=======================
Media Query Application
=======================


.. youtube:: UCZXJpI1dKw
   :width: 75%


This sample application shows how to combine multiple event handlers in Chalice
to create an image processing pipeline.  It takes as input any image or video
and it will identify objects, people, text, scenes, and activities.  This
results of this analysis can then be queried with a REST API.

.. image:: docs/assets/appexample.jpg
  :width: 100%
  :alt: Application Example

There are several components of this application.  The first part is an image
processing pipeline.  The application is registered to automatically process
any media that's uploaded to an Amazon S3 bucket.  The application will then
use Amazon Rekognition to automatically detect labels in either the image
or the video.  The returned labels are then stored in an Amazon DynamoDB
table.

For videos, an asynchronous job is started.  This is because the analysis
for videos takes longer than analyzing images so we don't want our Lambda
function to block until the job is complete.  To handle this asynchronous
job, we subscribe to an Amazon SNS topic.  When the asynchronous job
is finished analyzing our uploaded video, an event handler is called that
will retrieve the results and store the labels in Amazon DynamoDB.

The final component is the REST API.  This allows users to query for
labels associated with the media that has been uploaded.

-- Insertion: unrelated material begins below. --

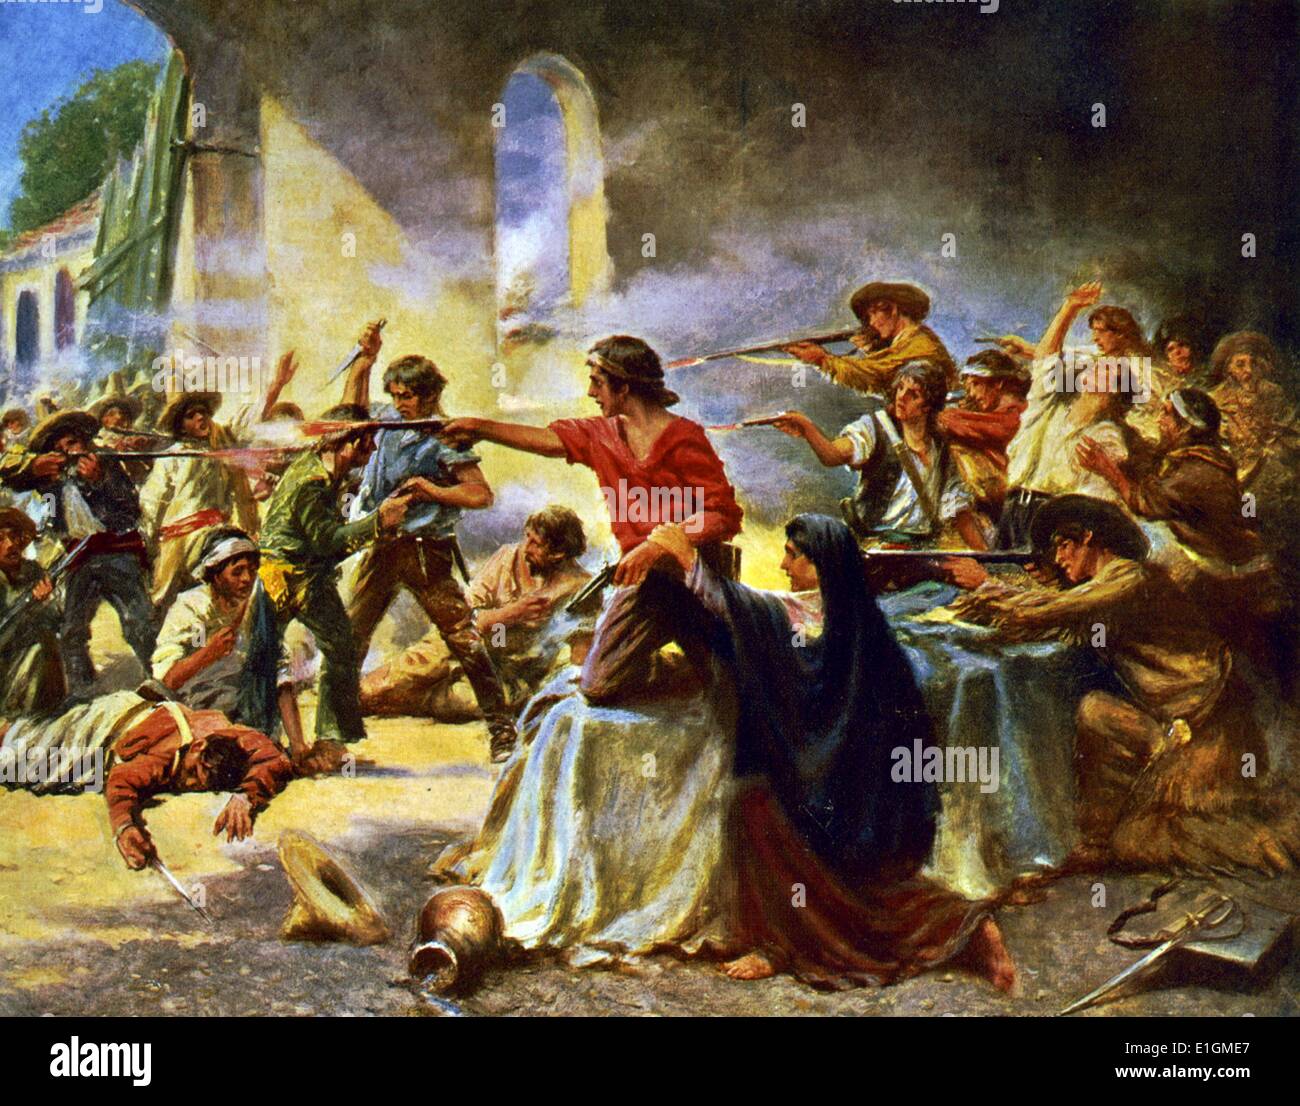 Ein zentrales Ereignis in der Texas Revolution. Nach einer 13-tägigen Belagerung, Mexikanischen Truppen unter Präsident General Antonio López de Santa Anna startete einen Angriff auf die Alamo Mission in der Nähe von San Antonio de Béxar (moderne San Antonio, Texas, USA) Stockfoto

You can find the full source code for this application in our
`samples directory on GitHub <https://github.com/aws/chalice/tree/master/docs/source/samples/media-query/code/>`__.

::

    $ git clone git://github.com/aws/chalice
    $ cd chalice/docs/source/samples/media-query/code


We'll now walk through the architecture of the application, how to
deploy and use the application, and go over the application code.


.. note::
    This sample application is also available as a `workshop
    <https://chalice-workshop.readthedocs.io/en/latest/media-query/index.html>`__.
    The main difference between the sample apps here and the Chalice workshops
    is that the workshop is a detailed step by step process for how to create
    this application from scratch.  You build the app by gradually adding each
    feature piece by piece.  It takes several hours to work through all the
    workshop material.  In this document we review the architecture,
    the deployment process, then walk through the main sections of the code.


Architecture
============

Below is the architecture for the application.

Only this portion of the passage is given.